National, county governments reach resolutions to strengthen devolution
By Joel Masibo, December 10, 2025Kenya’s commitment to deepening devolution and strengthening collaboration between the national and county governments has been reaffirmed during the 12th Ordinary Session of the National and County Governments Coordinating Summit held at State House, Nairobi on Wednesday, December 10, 2025.
The Summit, the apex body for intergovernmental relations, brought together the National Government Executive and the Council of Governors, coordinated by the Intergovernmental Relations Technical Committee (IGRTC).

The session reviewed progress made since the 11th Summit held in December 2024 and charted a strategic path to accelerate the attainment of devolution’s objectives, particularly in service delivery, resource allocation, and intergovernmental coordination.
Highlights and resolutions
Accelerated transfer of functions to counties
The Summit resolved that IGRTC should fast-track the unbundling and delineation of contested functions for transfer to county governments. The Commission on Revenue Allocation (CRA) and the National Treasury will verify the financial implications of these functions ahead of their inclusion in the 2026/27 Division of Revenue Act.
County governments will further collaborate with state agencies to smoothen the transfer of fixed and movable assets associated with the devolved functions.

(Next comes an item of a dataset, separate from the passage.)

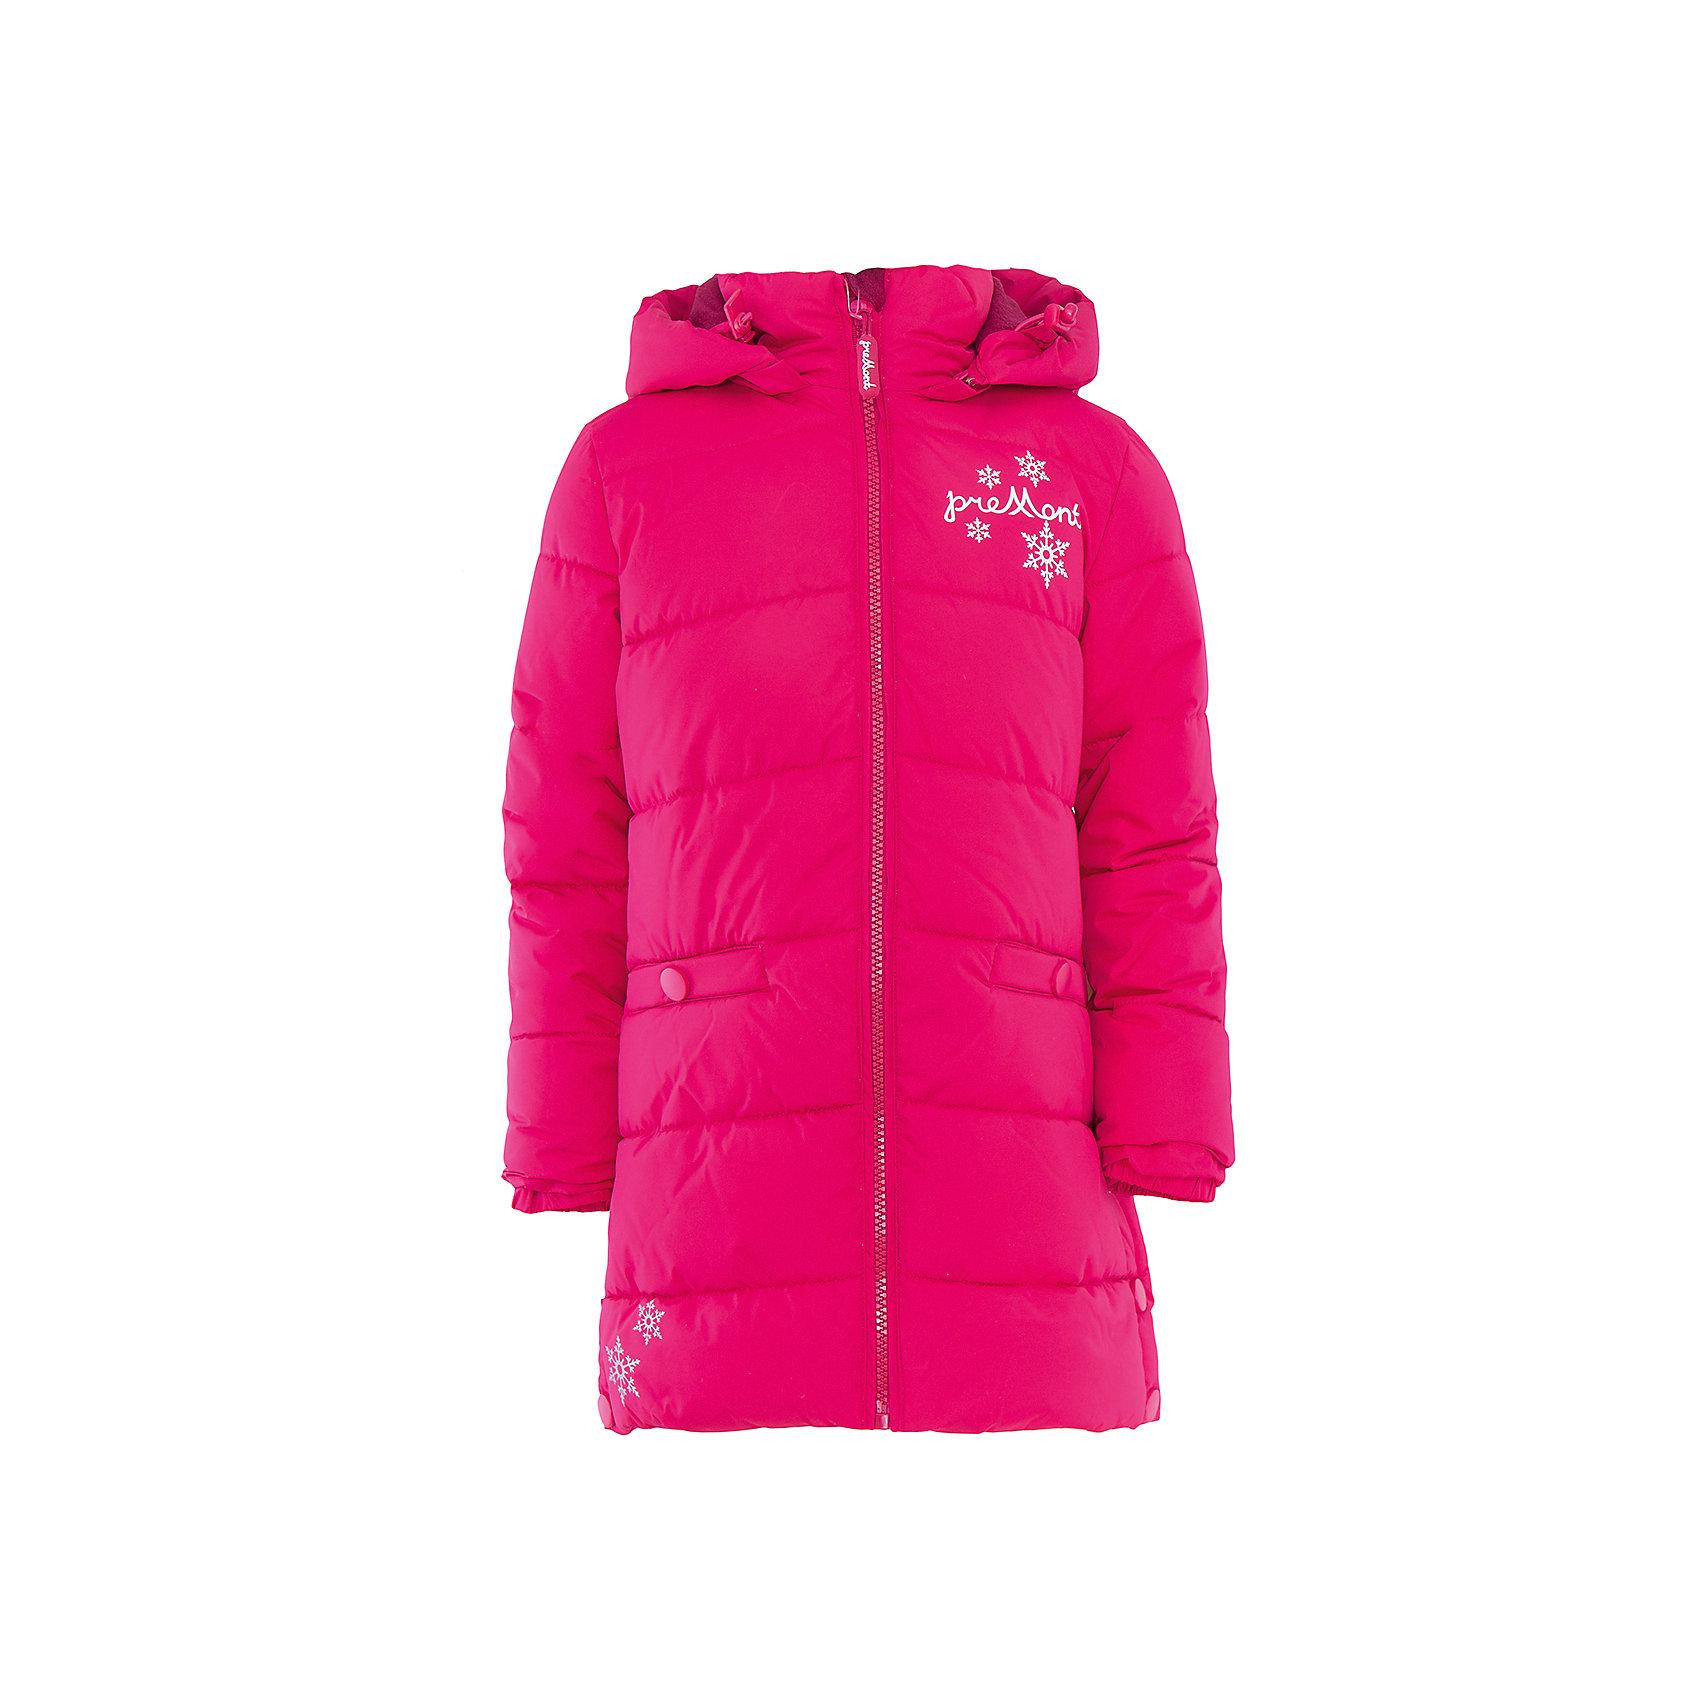 Пальто для девочки PremontВерхняя одежда<br>Пальто для девочки от известного бренда Premont.<br>В некоторых округах Канады клюква является одной из самых популярных ягод. Это связано с холодным климатом страны, ведь клюква самая морозоустойчивая ягода. Также и наше пальто «Морознаяклюква», выполненное в насыщенном сочном клюквенном цвете не даст замерзнуть холодной зимой.<br>Состав:<br>Ткань верха: мембрана 5000мм/5000г/м2/24h <br>Подклад: Polarfleece (тело, капюшон), Taffeta (тело, рукава) <br>Утеплитель: FakeDown (искусственный пух)<br><br>Ширина мм: 356<br>Глубина мм: 10<br>Высота мм: 245<br>Вес г: 519<br>Цвет: розовый<br>Возраст от месяцев: 48<br>Возраст до месяцев: 60<br>Пол: Женский<br>Возраст: Детский<br>Размер: 110,146,116,122,128,134,140<br>SKU: 4996719

Strengthening legal and institutional frameworks
The Summit called for: Amendments to the Intergovernmental Relations Sector Forums Regulations to allow co-chairing by both levels of government, with operationalisation expected by January 2026. It also championed intervention from the Prime Cabinet Secretary and Parliament Speakers to conclude the long-stalled Intergovernmental Relations (Amendment) Bill, 2024. Also, the development of new regulations by the Office of the Attorney General, State Department for Devolution, IGRTC, and Council of Governors to guide the preparation of the Summit report to Parliament, as stipulated in law.
Financial efficiency and accountability
To streamline financial flows and improve service delivery:
The National Treasury will release county personnel emolument funds to County Revenue Fund Accounts by the 3rd of every month.
The Controller of Budget will expedite approvals to ensure counties meet statutory obligations by the 9th of every month.
Treasury will also fast-track pending disbursements for County Aggregation and Industrial Parks and related social infrastructure.

Health sector reforms
Several decisions were made to improve healthcare access and efficiency:
The Ministry of Health and Council of Governors will develop a framework for providing maternity services at Level 2 and 3 facilities by mid-January. These services will be funded through the Primary Health Care Fund (PHCF).
The Ministry will review the Persons with Disability Act, 2025 to harmonize medical service exemptions with the Social Health Insurance Act, 2023.
All existing NESP vendor contracts with zero installations will be canceled to pave way for new, effective vendors.
Community Health Promoters (CHPs) will receive timely stipends and will be covered under the PHC Fund.
Public finance management
The Summit noted the importance of further consultations on the Public Finance Management (Amendment) Bill regarding Section 191A-E. As a result, Treasury will withdraw the Bill from Parliament to allow more stakeholder engagement.
IGRTC has also been tasked with finalising all pending intergovernmental agreements on the issuance of bursaries by counties within 14 days, ensuring clarity, transparency, and standardised support for learners across the country.
At the same time, the National Treasury will fast-track all pending disbursements associated with County Aggregation and Industrial Parks to boost local manufacturing, agro-processing, and county-level economic growth.